I am probably going to reformat my hard drive at this point because I have nothing to lose and I still see the 4 svchosts running in task manager , but before I do I wanted to give you the option of continuing if you think it might help someone else later or just for curiosities sake. I'm still convinced that it was some evil virus and that I probably messed things up by trying to fix it myself before signing up here. I just don't want to waste your time trying to help me when I'm just going to do a fresh install anyway. I saved a backup of my registry on the external hard drive before I did my bad repair job but I don't really know how to scan a backup of a registry or if it's even possible. I won't run any more scans or mess with this until I hear from you or until Thursday morning shows up with no response. Either way though, thanks again very much for your help.

 

Oops, sorry about that. Here you go.

 

Everything seems ok now. I got retro-fitted back to Explorer_6 (which I always liked better than 7 anyway). I can visit all of those online scanning sites that were "blocked" before (although I've only run esets online scan) and other than a couple of unscheduled visits to microsoft's home page, everything seems to be running fine. No real redirect issues yet that I can see. I haven't done much searching but I've been trying to go to all of my normal sites through yahoo instead of the address bar to see what happens. I also haven't tried reloading a couple of my games that had quit running in the process of all of this. (Mainly my rc simulator) I'll let you know if it runs when I try it.

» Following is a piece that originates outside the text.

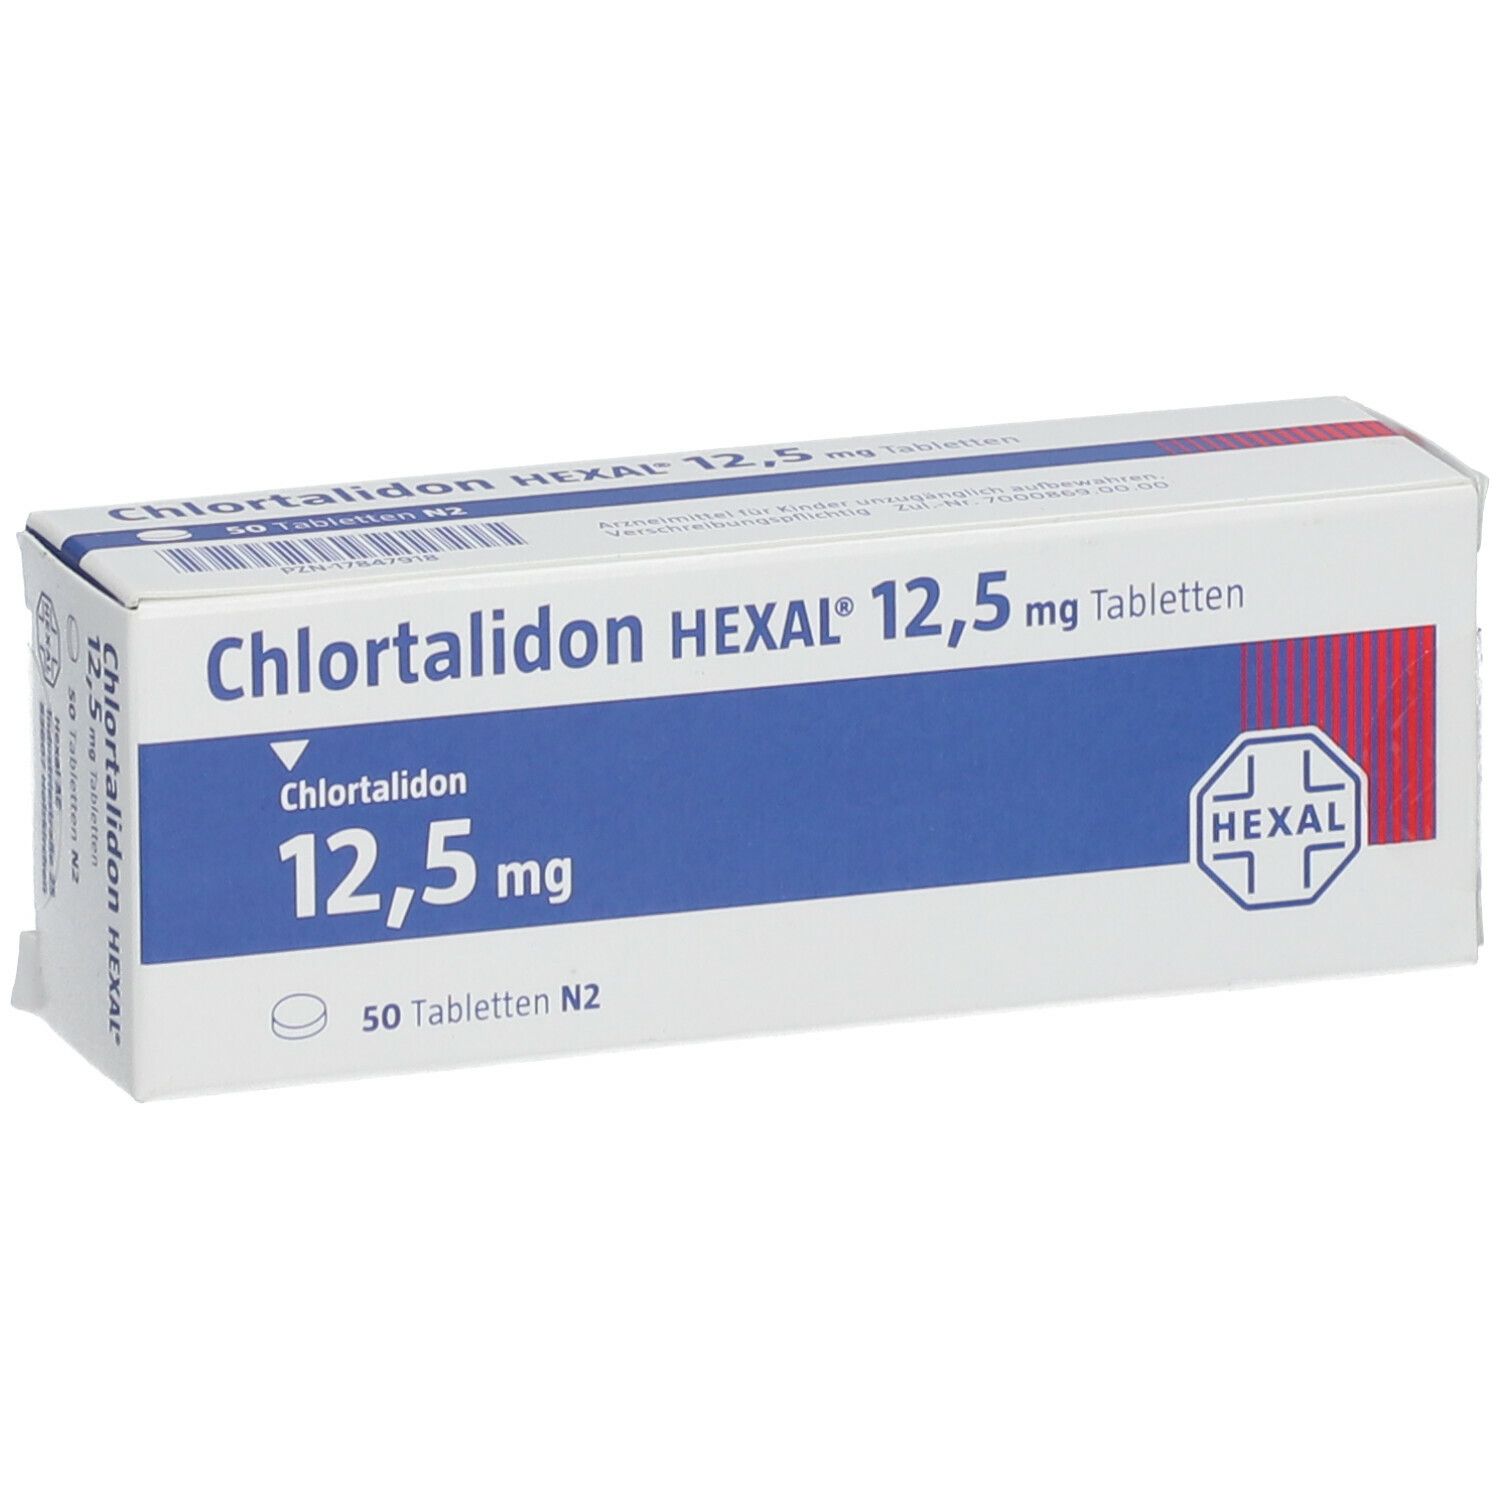 CHLORTALIDON HEXAL 12,5 mg Tabletten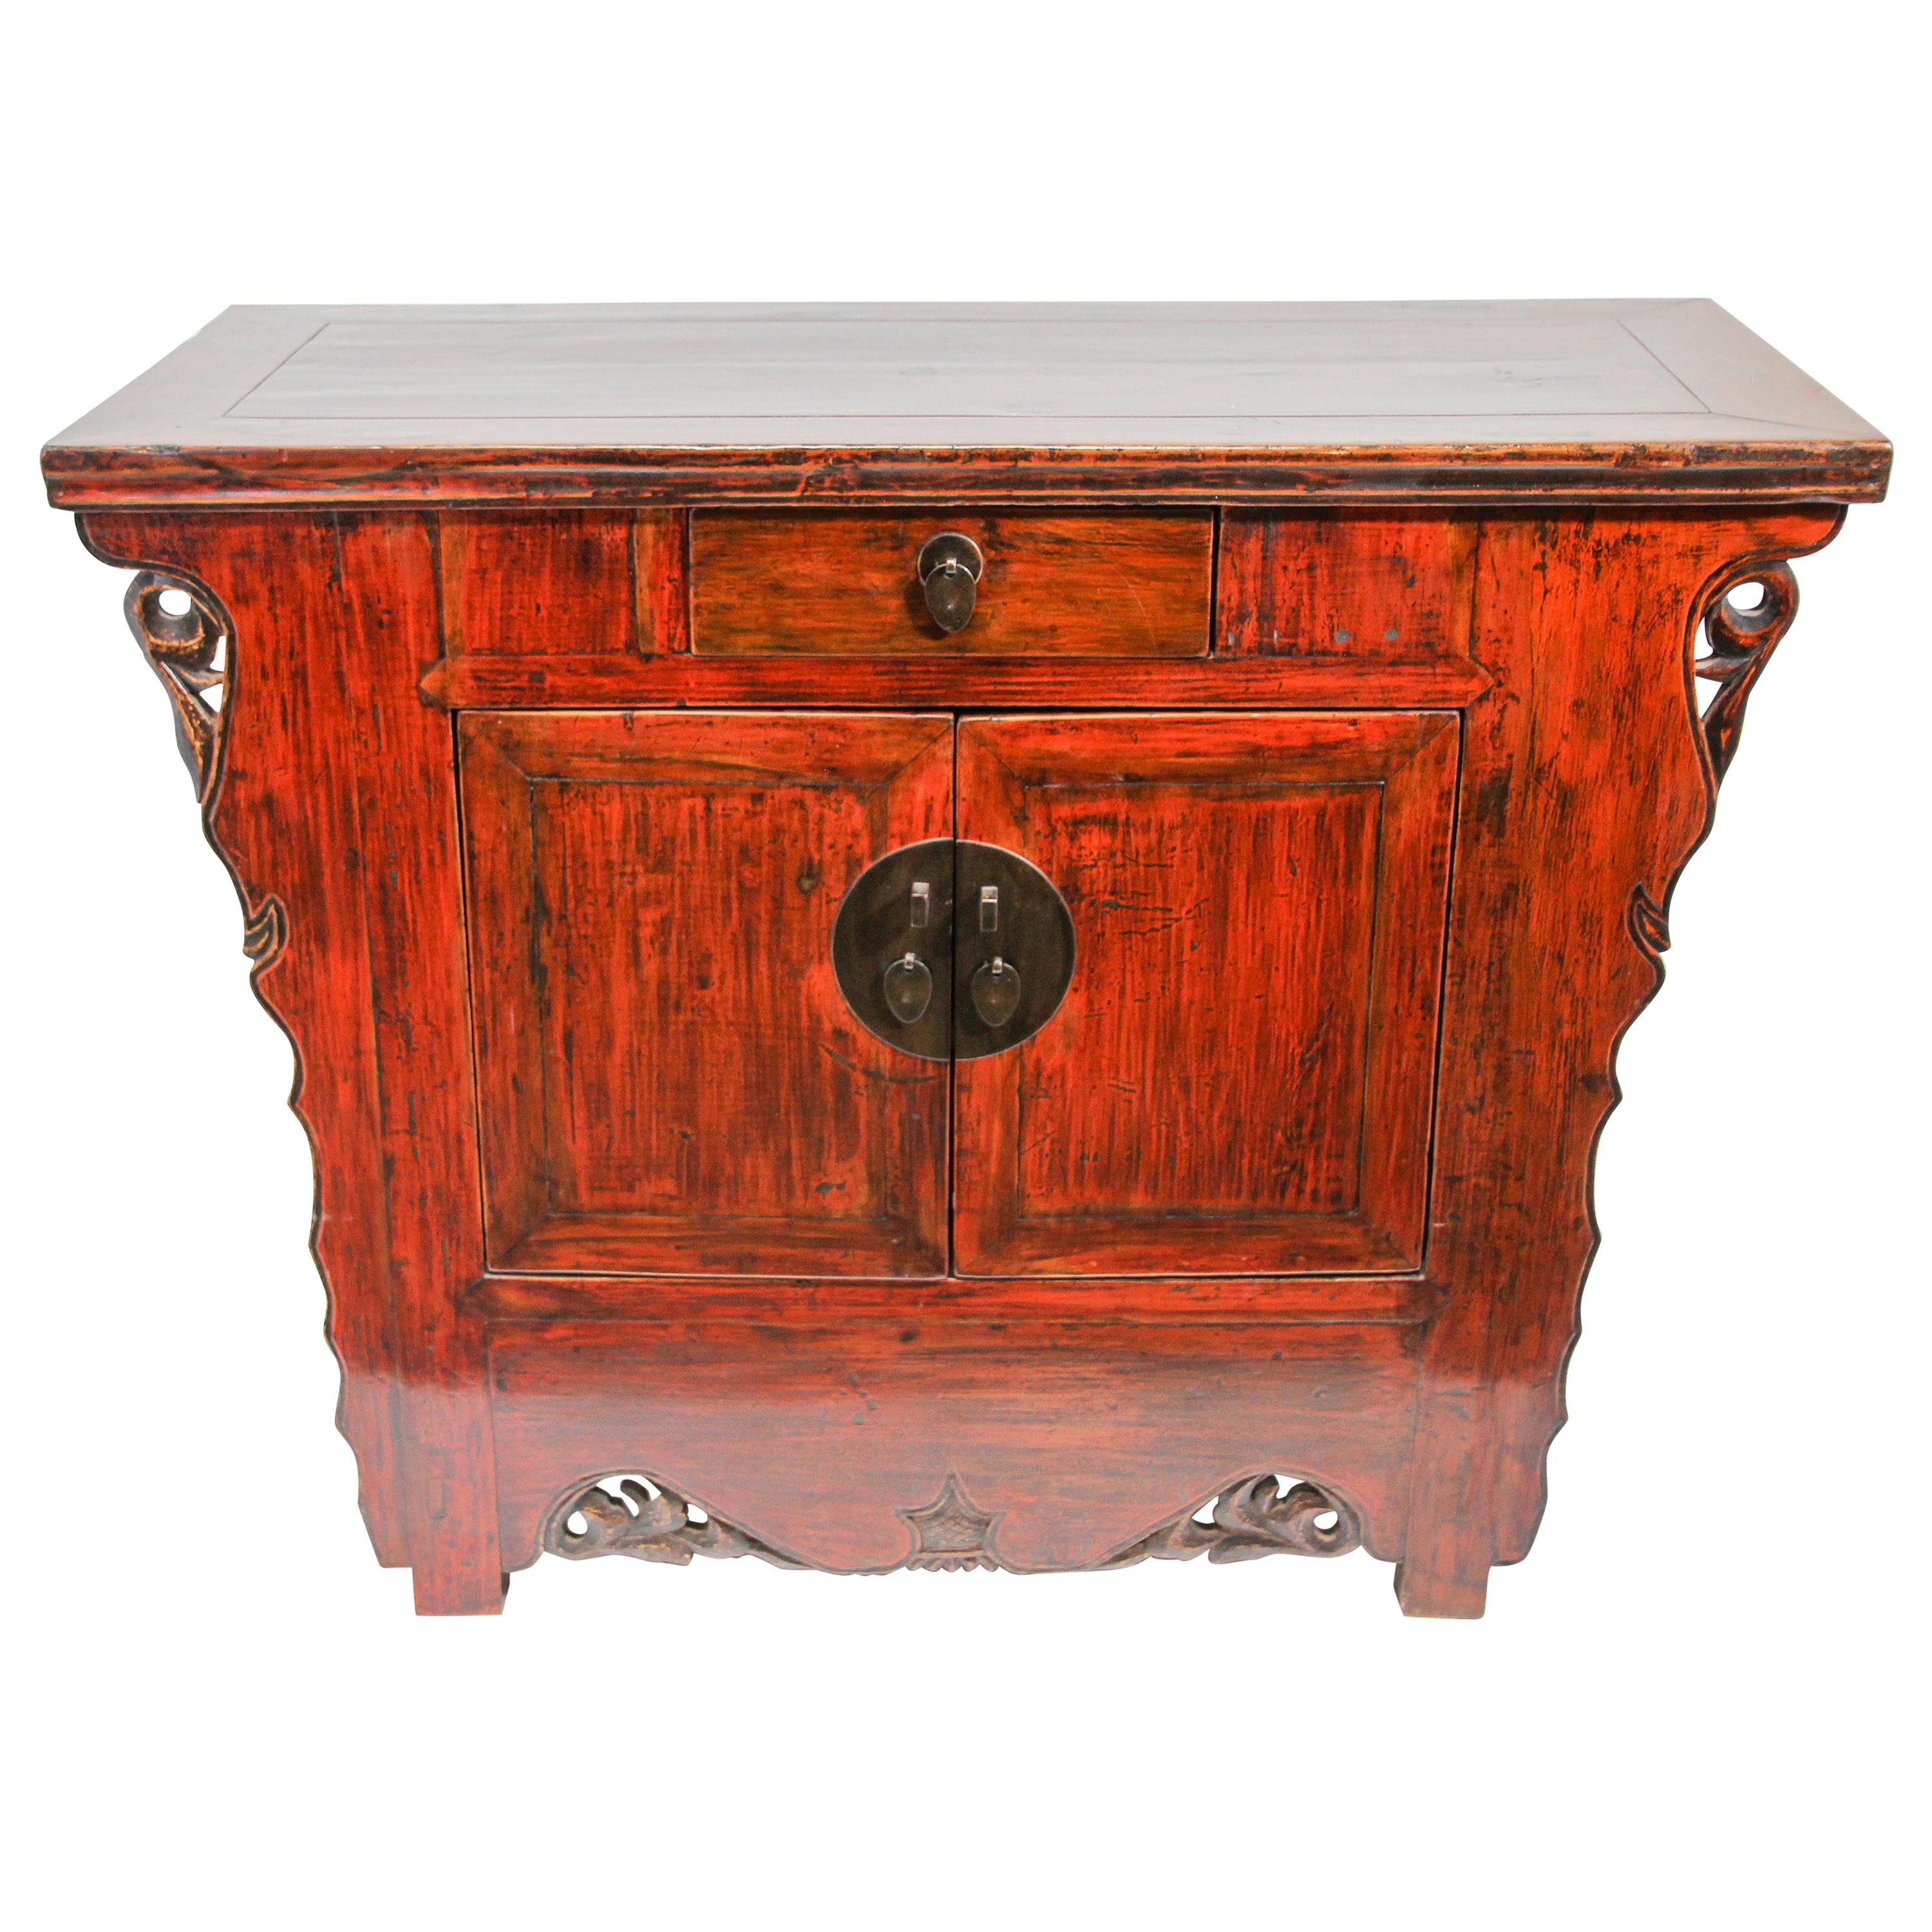 Cabinet laqué rouge de style autel de la dynastie chinoise Ming Ming

I ran MGtools\GetLogs.bat and have attached the log. I then ran SAS and it found nothing again. I didn't attach the log for that , ( I saved it though if you want it.)

 

Awsome!

Will do on the AV and AS stuff. I was just waiting for the all clear. After I do the final steps I'll put them back in. Thank you again for all of your patience. It's kind of funny that I just noticed the "Thank You" button in the posts. I'll be sure to push it.